Mas inclusive o ser humano que ingressou consciente e abertamente no círculo teológico enfrenta outro problema sério. Para estar dentro do círculo, ele deve ter tomado uma decisão existencial. Deve estar na situação de fé. Mas ninguém pode dizer de si mesmo que está na situação de fé. Ninguém pode chamar a si mesmo de teólogo, mesmo que tenha sido chamado a ser professor de teologia. Todo teólogo está comprometido e alienado. Ele está sempre na fé e na dúvida; está dentro e fora do círculo teológico. Às vezes um lado prevalece, às vezes o outro, e ele jamais tem certeza sobre qual dos lados prevalece efetivamente. Portanto, só é possível aplicar um critério: alguém só pode ser teólogo na medida em que reconhecer o conteúdo do círculo teólogico como sua preocupação última. A verdade disso não depende de seu estado intelectual, moral ou emocional. Não depende da intensidade e da certeza da fé. Não depende do poder de regeneração ou do grau de santificação. Antes, depende de que ele se sinta preocupado de forma última com a mensagem cristã, ainda que, à vezes, esteja inclinado a atacá-la e rejeitá-la.

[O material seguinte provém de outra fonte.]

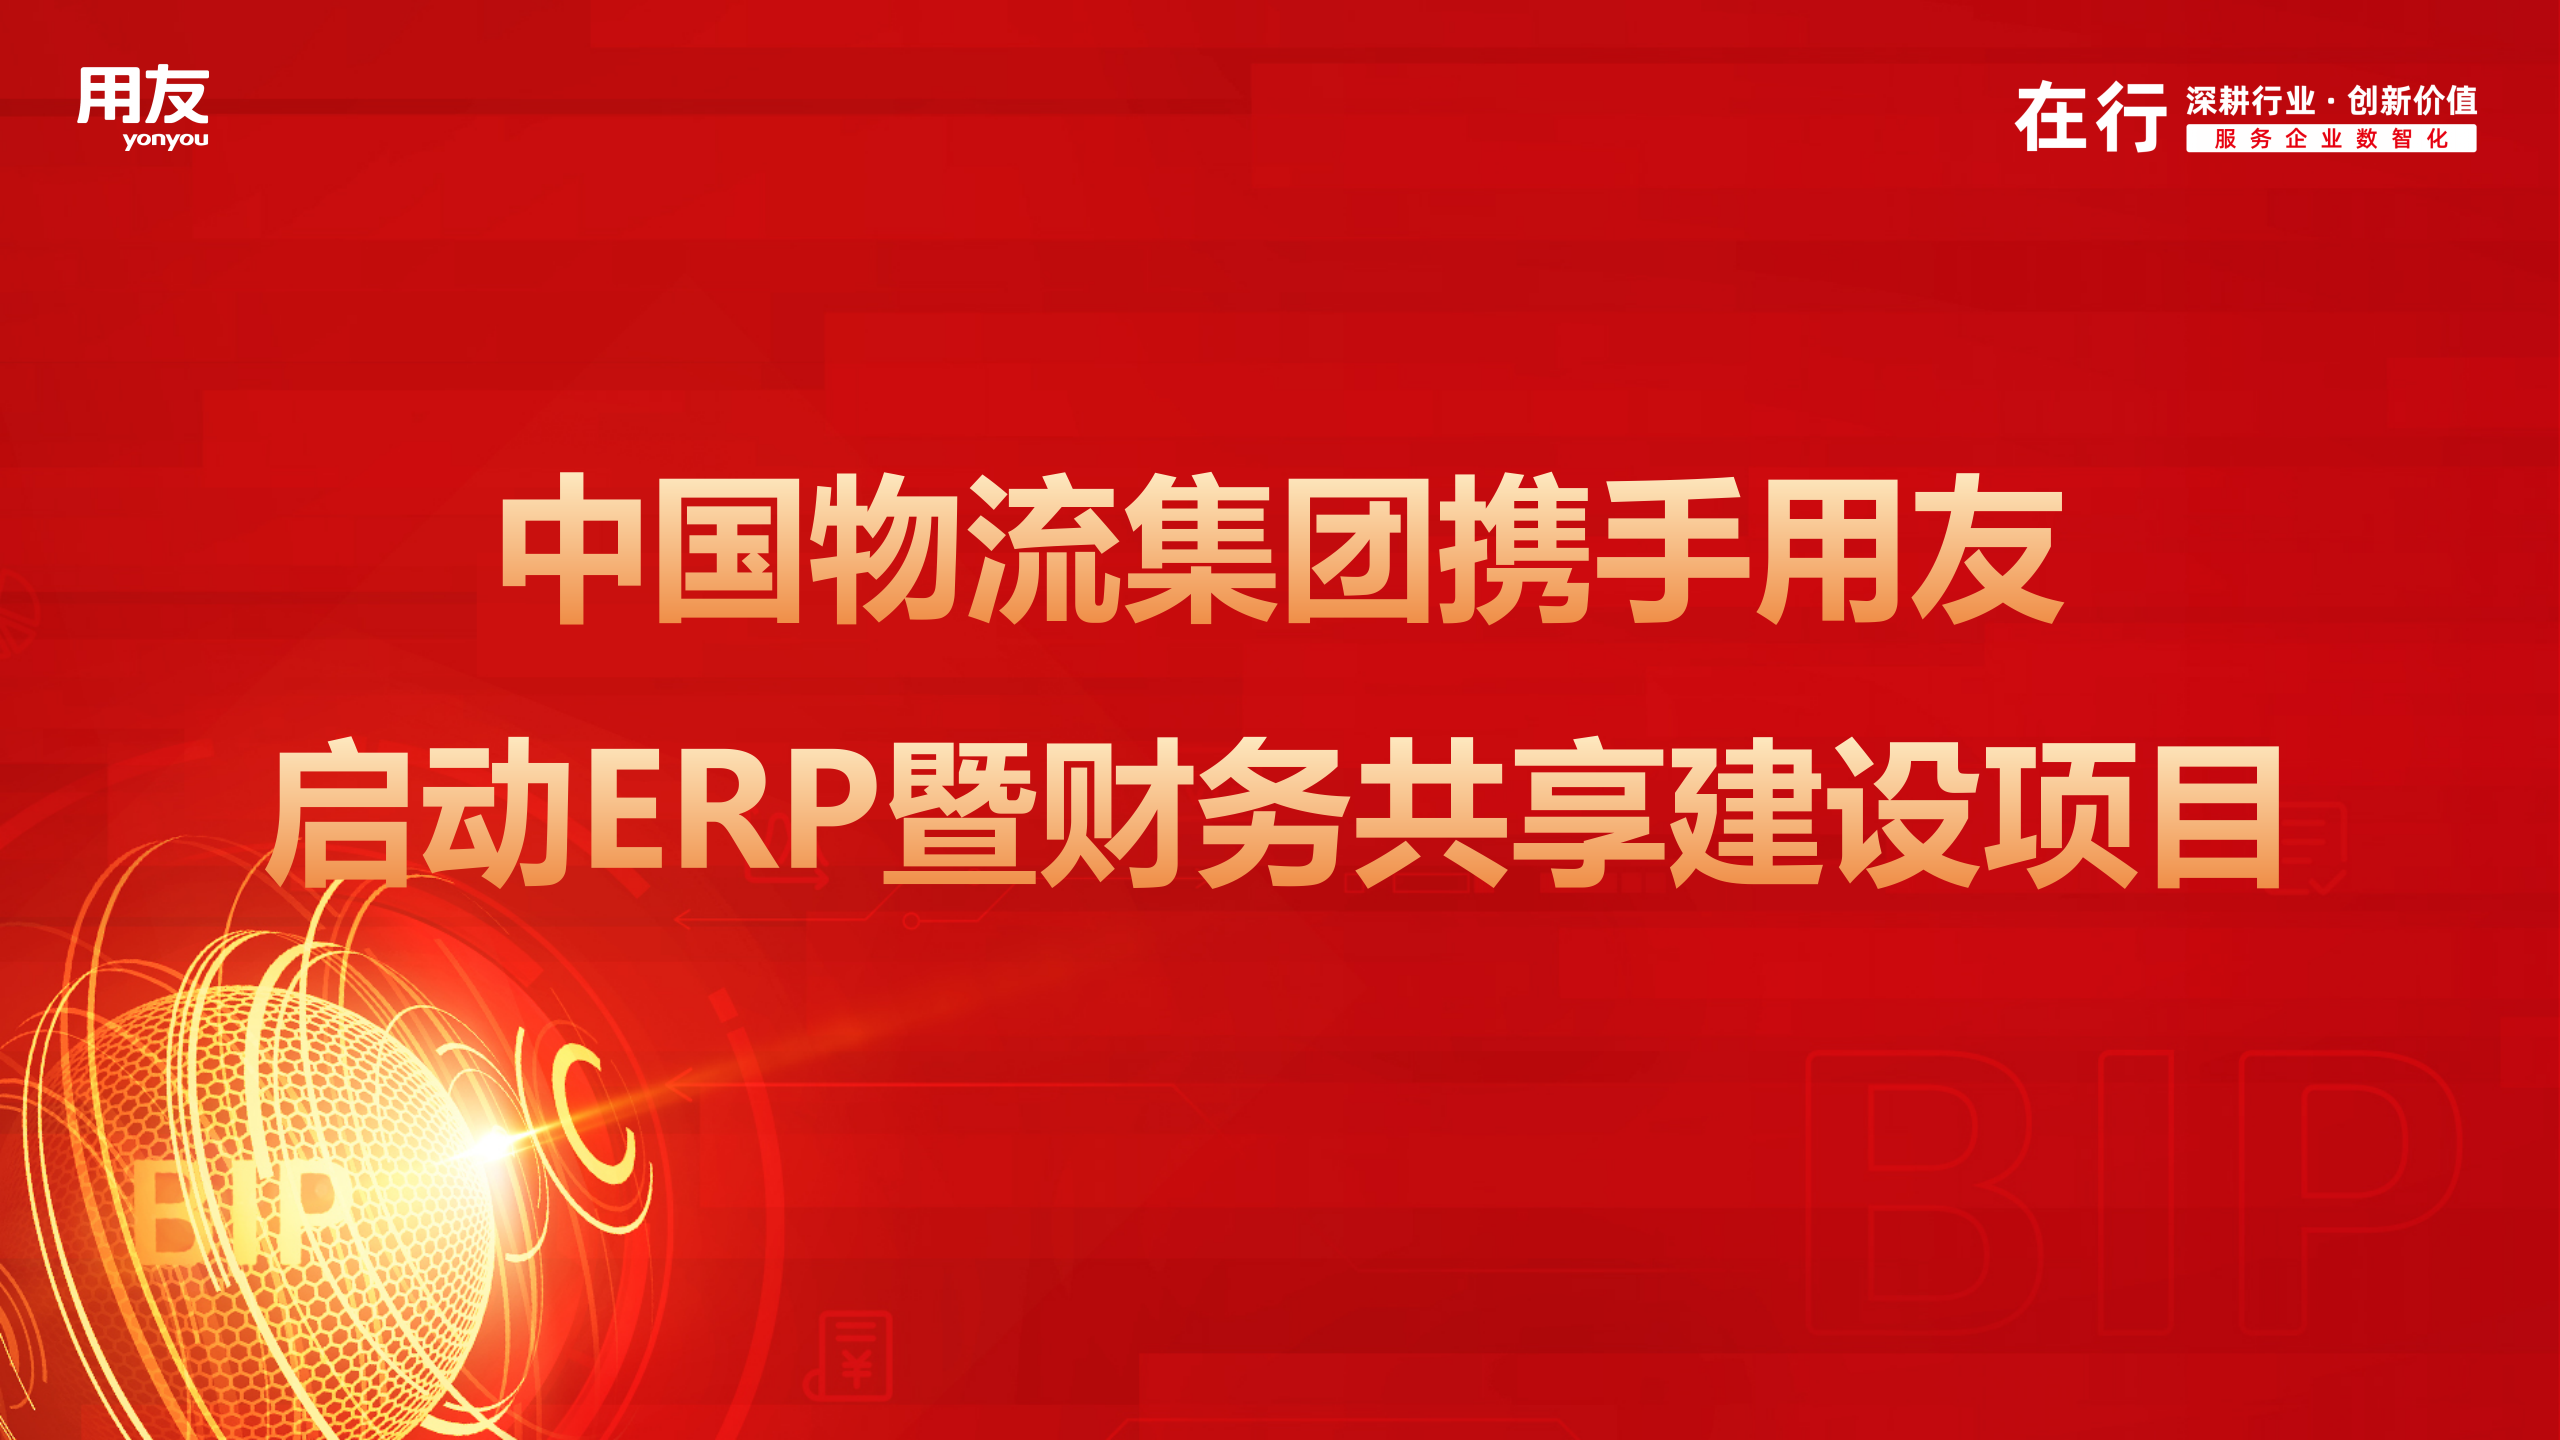 中国物流集团携手用友启动ERP暨财务共享建设项目

Essa compreensão da "existência teológica" resolve o conflito entre os teólogos ortodoxos e pietistas sobre a theologia irregenitorum ("teologia dos não-regenerados"). Os pietistas sabiam que não se pode ser teólogo sem fé, sem decisão, sem compromisso, sem estar no círculo teológico. Mas identificavam a existência teológica com uma experiência da regeneração. Os ortodoxos protestaram contra isso, argumentando que ninguém pode estar certo de sua regeneração e que, além disso, a teologia lida com materiais objetivos que podem ser manuseados por qualquer pensador, dentro e fora do círculo teológico, desde que satisfaça as condições intelectuais requeridas. Hoje, os teólogos ortodoxos e pietistas se acham aliados contra os teólogos críticos, supostamente descrentes, ao passo que a herança do objetivismo ortodoxo foi assumida pelo programa (não pelas realizações) da teologia empírica. Diante dessa antiga controvérsia, devemos reafirmar que o teólogo deve estar dentro do círculo teológico, mas o critério para determinar se está dentro dele é a aceitação da mensagem cristã como sua preocupação última.

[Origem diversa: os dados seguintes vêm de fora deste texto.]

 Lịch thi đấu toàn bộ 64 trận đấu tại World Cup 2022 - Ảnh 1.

A doutrina do círculo teológico tem uma conseqüência metodológica: nem a introdução nem qualquer outra parte do sistema teológico constitui a base lógica para as outras partes. Cada parte é dependente das outras. A introdução pressupõe a cristologia e a doutrina da igreja, e vice-versa. A distribuição temática depende tão-somente de considerações práticas.